→ Directions
Without the pictures, write the listing out again exactly as it appears.

→ Data extract
......
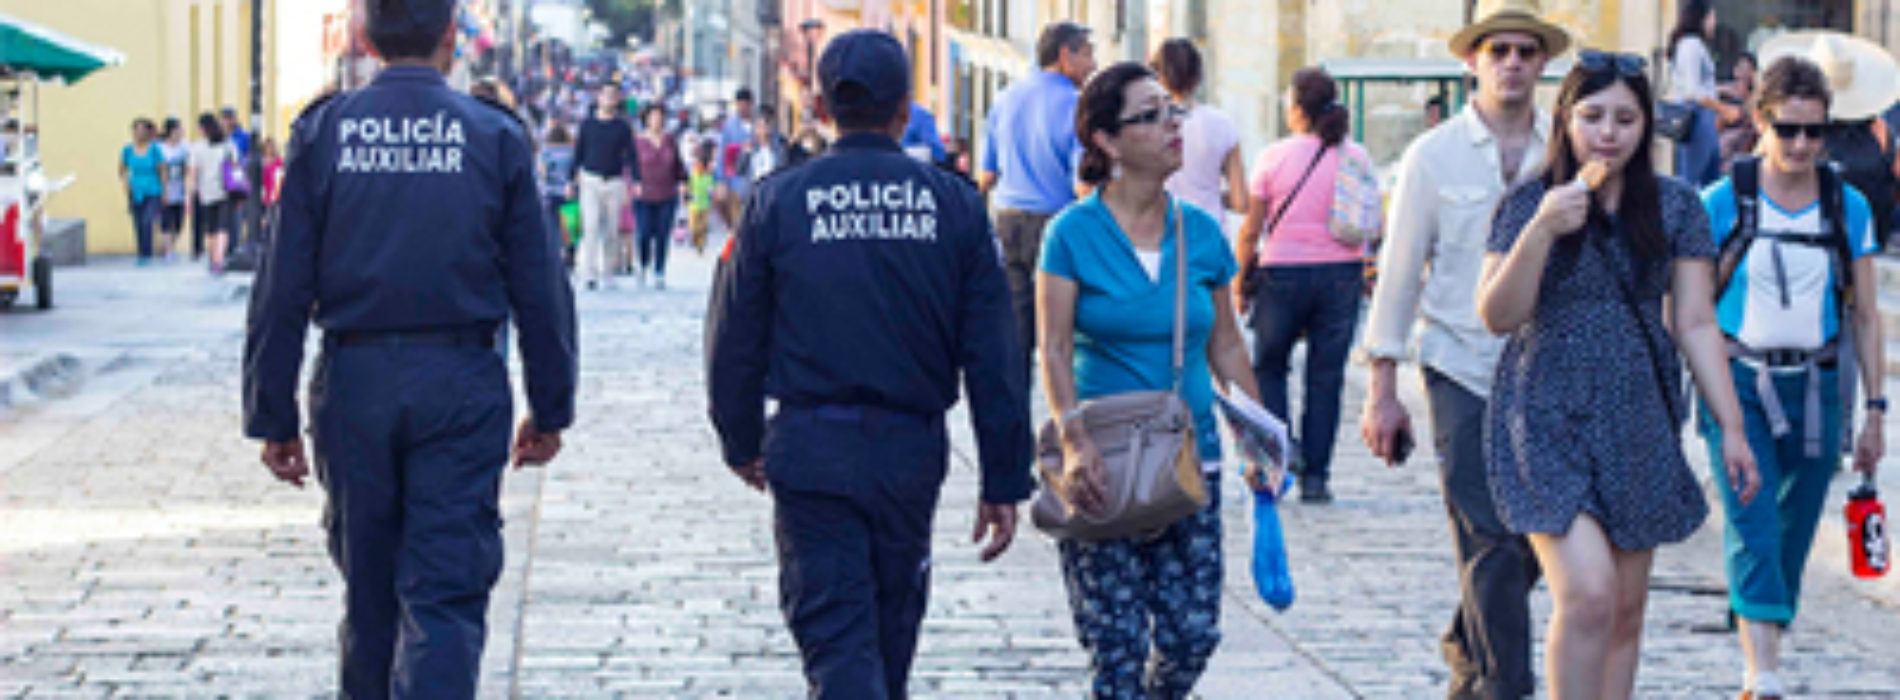 Policía Auxiliar, una institución confiable al servicio de Oaxaca
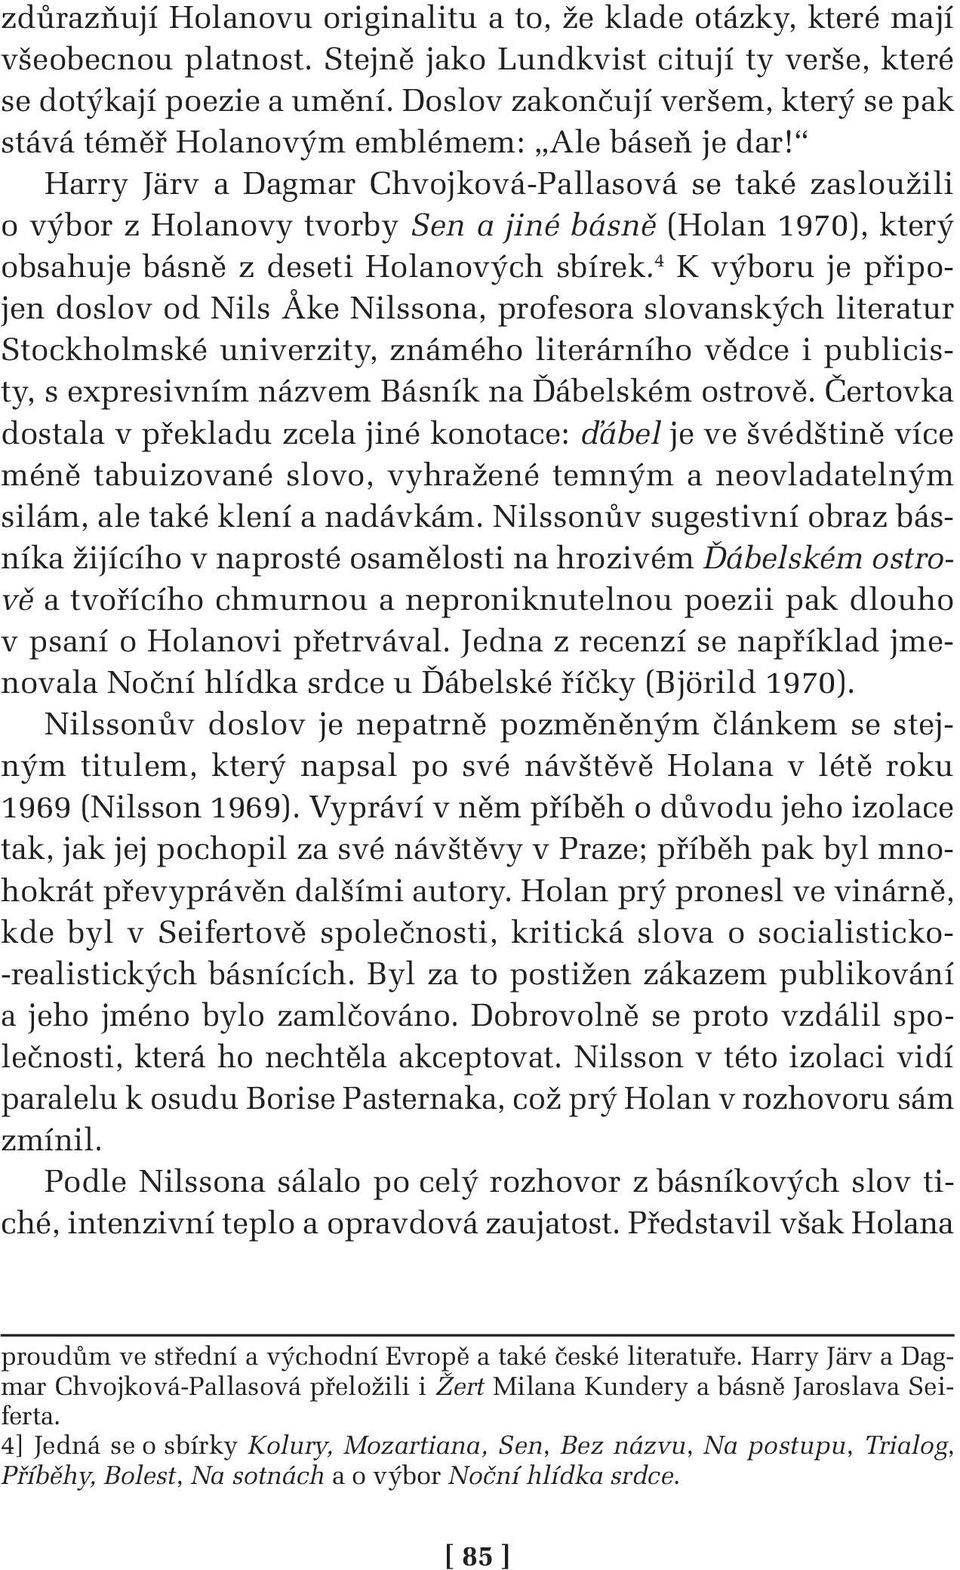 Harry Järv a Dagmar Chvojková-Pallasová se také zasloužili o výbor z Holanovy tvorby Sen a jiné básně (Holan 1970), který obsahuje básně z deseti Holanových sbírek.
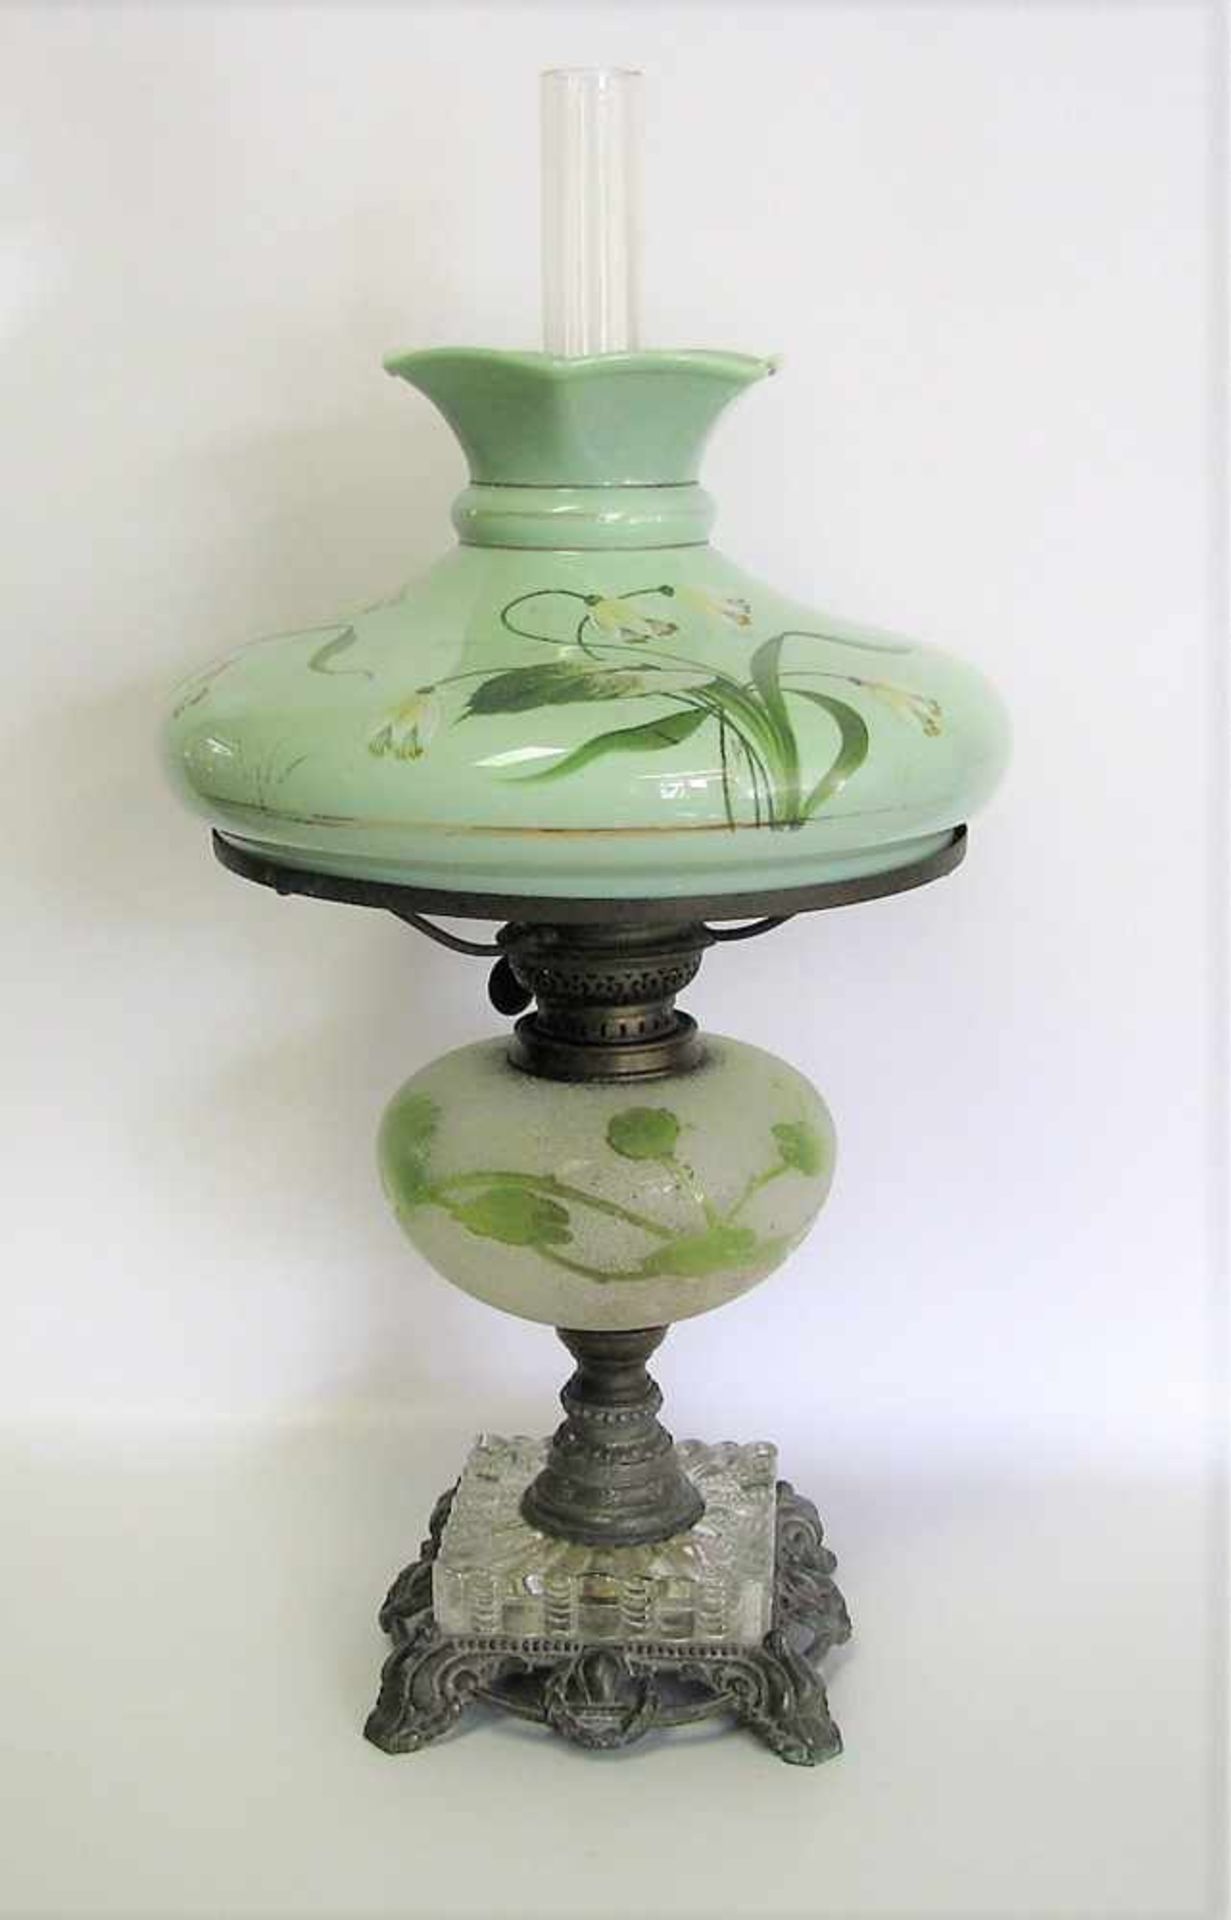 Petroleum-Tischlampe, Jugendstil, um 1900, grünlicher Opalinglasschirm, handbemalt, kl. Chip am
......
→ Completed exercise
 Policía Auxiliar, una institución confiable al servicio de Oaxaca
 Harry Järv a Dagmar Chvojková-Pallasová se také zasloužili o výbor z Holanovy tvorby Sen a jiné básně (Holan 1970), který obsahuje básně z deseti Holanových sbírek.
 Petroleum-Tischlampe, Jugendstil, um 1900, grünlicher Opalinglasschirm, handbemalt, kl. Chip am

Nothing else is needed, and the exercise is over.